Test-driven Fault Navigation for Debugging Reproducible Failures
The correction of software failures tends to be very cost-intensive because their debugging is an often time-consuming development activity. During this activity, developers largely attempt to understand what causes failures: Starting with a test case that reproduces the observable failure they have to follow failure causes on the infection chain back to the root cause (defect). This idealized procedure requires deep knowledge of the system and its behavior because failures and defects can be far apart from each other. Unfortunately, common debugging tools are inadequate for systematically investigating such infection chains in detail. Thus, developers have to rely primarily on their intuition and the localization of failure causes is not time-efficient. To prevent debugging by disorganized trial and error, experienced developers apply the scientific method and its systematic hypothesis-testing. However, even when using the scientific method, the search for failure causes can still be a laborious task. First, lacking expertise about the system makes it hard to understand incorrect behavior and to create reasonable hypotheses. Second, contemporary debugging approaches provide no or only partial support for the scientific method.
In this dissertation, we present test-driven fault navigation as an interconnected guide for debugging reproducible failures with the scientific method.
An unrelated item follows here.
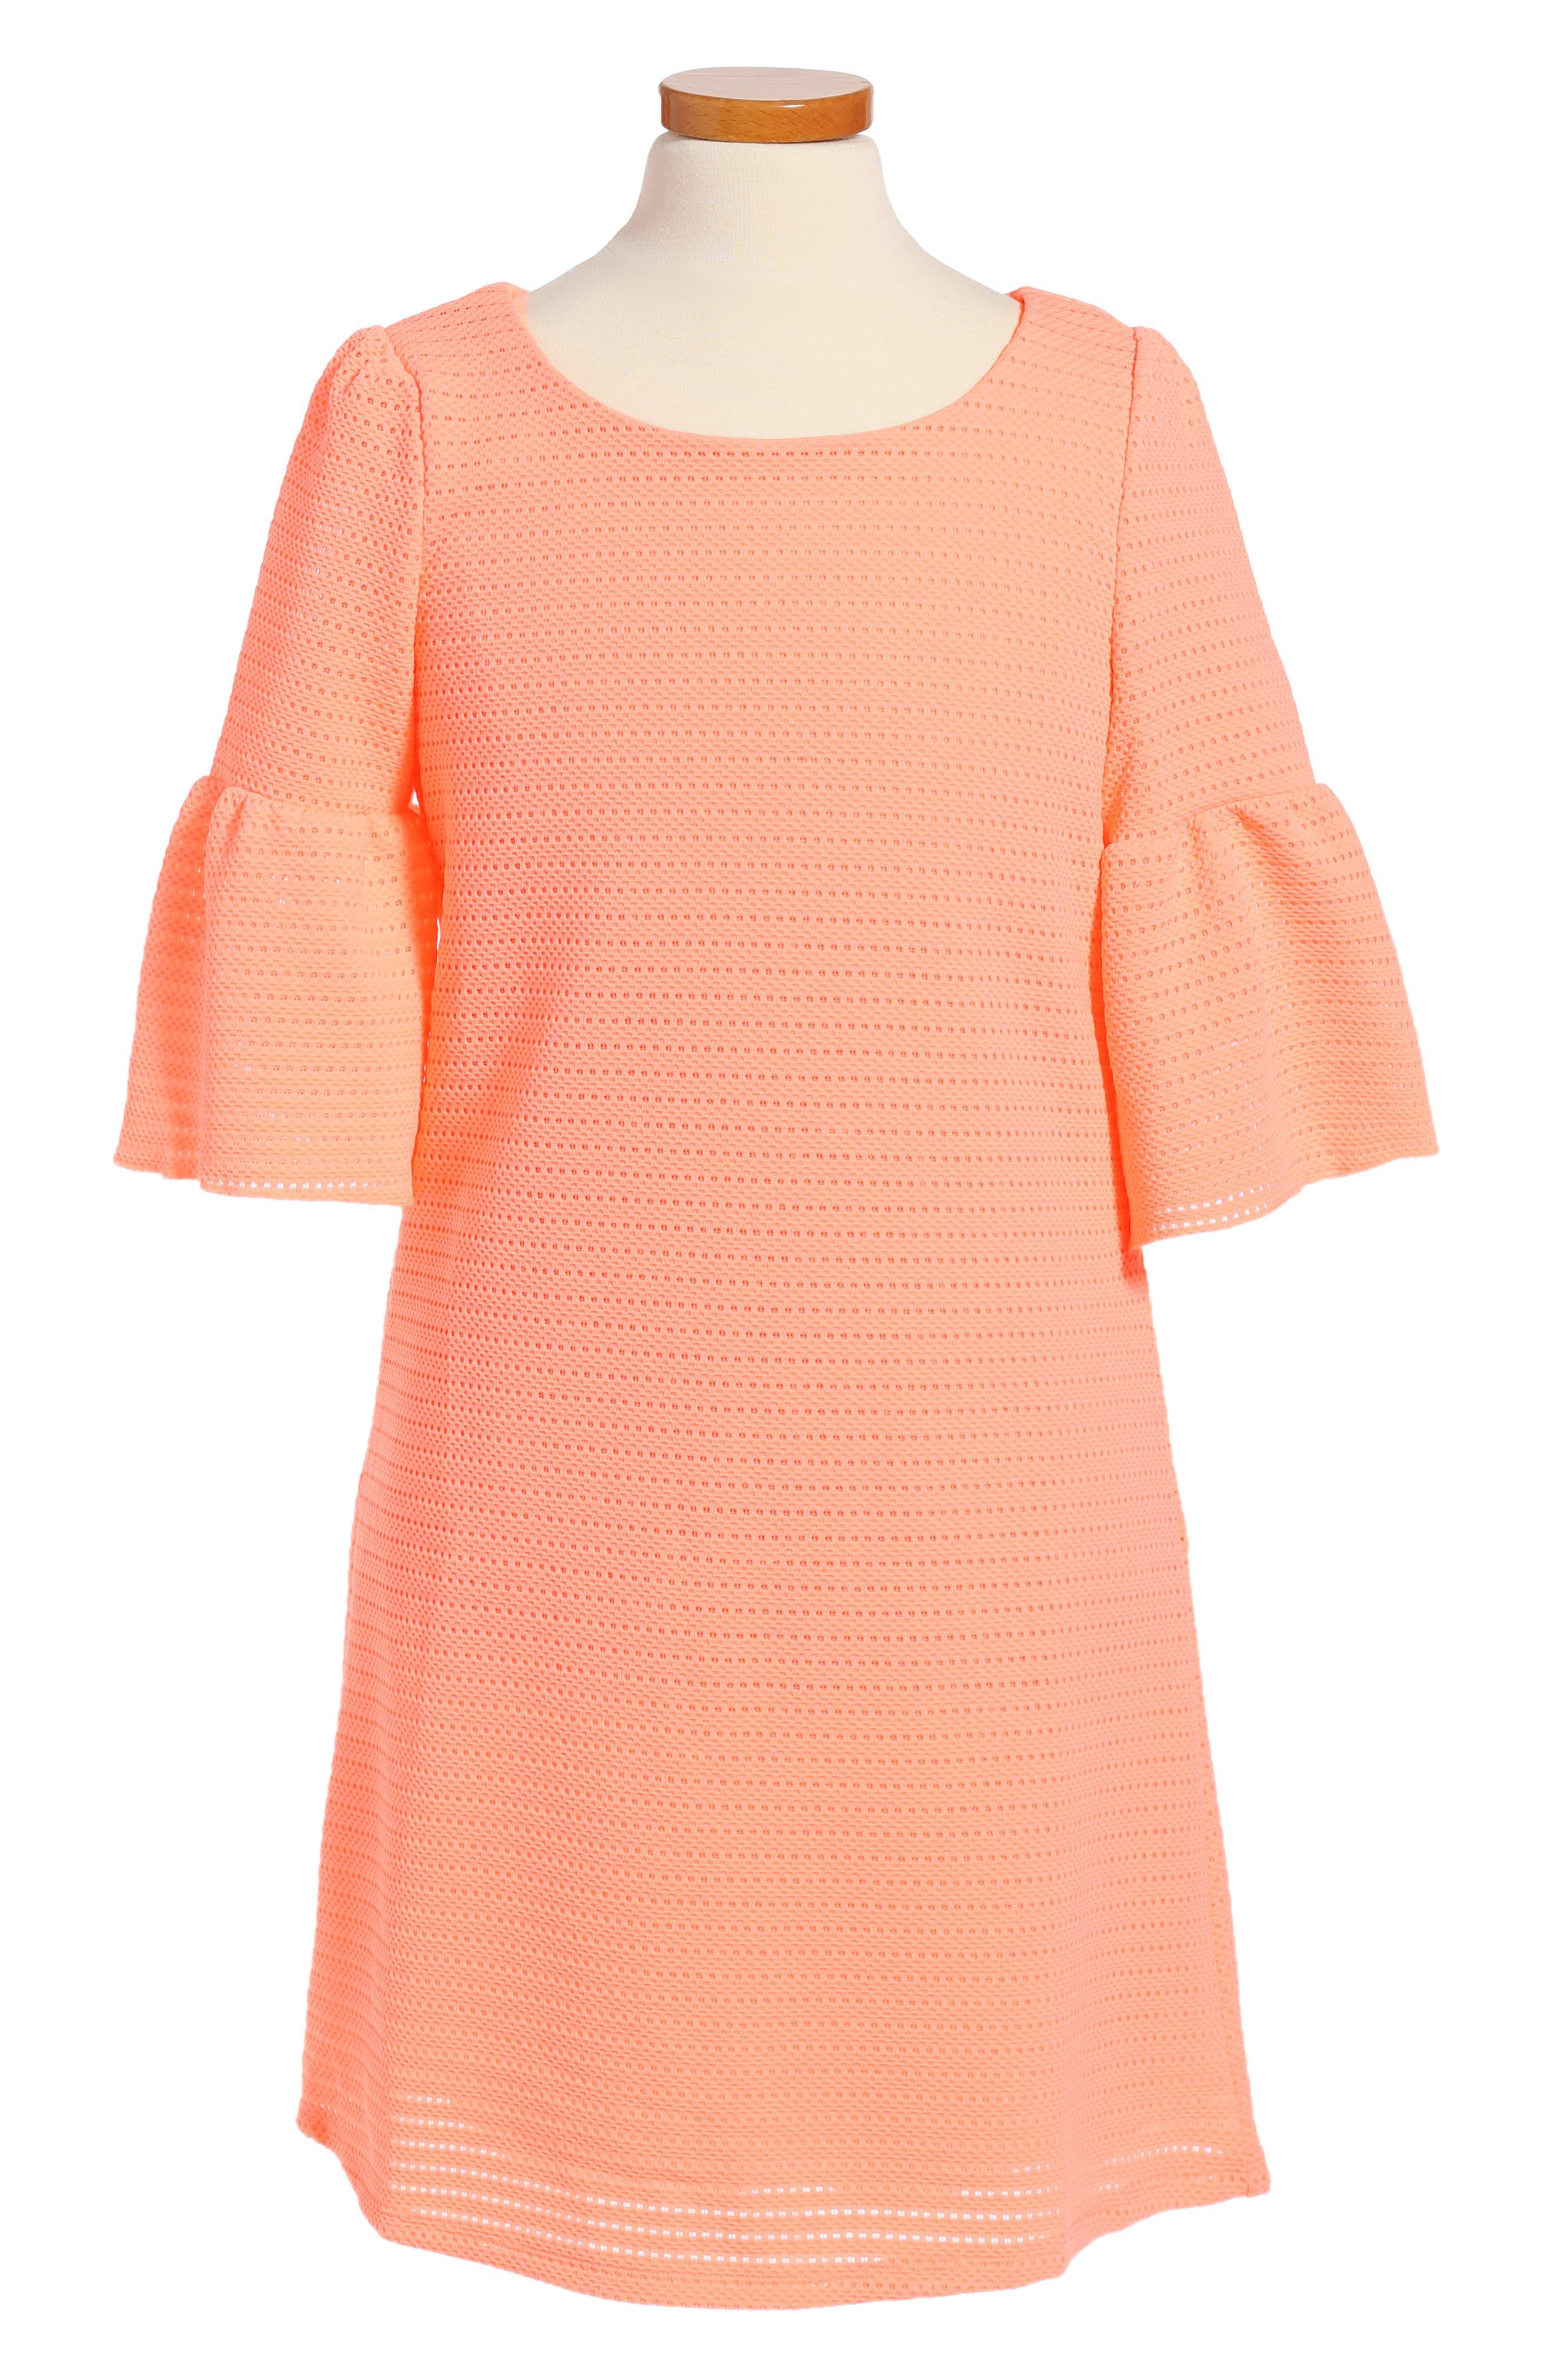 Main Image - Love, Nickie Lew Bell Sleeve Dress (Big Girls)

Based on the analysis of passing and failing test cases, we reveal anomalies and integrate them into a breadth-first search that leads developers to defects. This systematic search consists of four specific navigation techniques that together support the creation, evaluation, and refinement of failure cause hypotheses for the scientific method. First, structure navigation localizes suspicious system parts and restricts the initial search space. Second, team navigation recommends experienced developers for helping with failures. Third, behavior navigation allows developers to follow emphasized infection chains back to root causes. Fourth, state navigation identifies corrupted state and reveals parts of the infection chain auto- matically. We implement test-driven fault navigation in our Path Tools framework for the Squeak/Smalltalk development environment and limit its computation cost with the help of our incremental dynamic analysis. This lightweight dynamic analysis ensures a feeling of immediacy when debugging with our tools by splitting the run-time overhead over multiple test runs depending on developers’ needs. Hence, our test-driven fault navigation in combination with our incremental dynamic analysis answers important questions in a short time: where to start debugging, who understands failure causes best, what happened before failures, and which program entities are in question.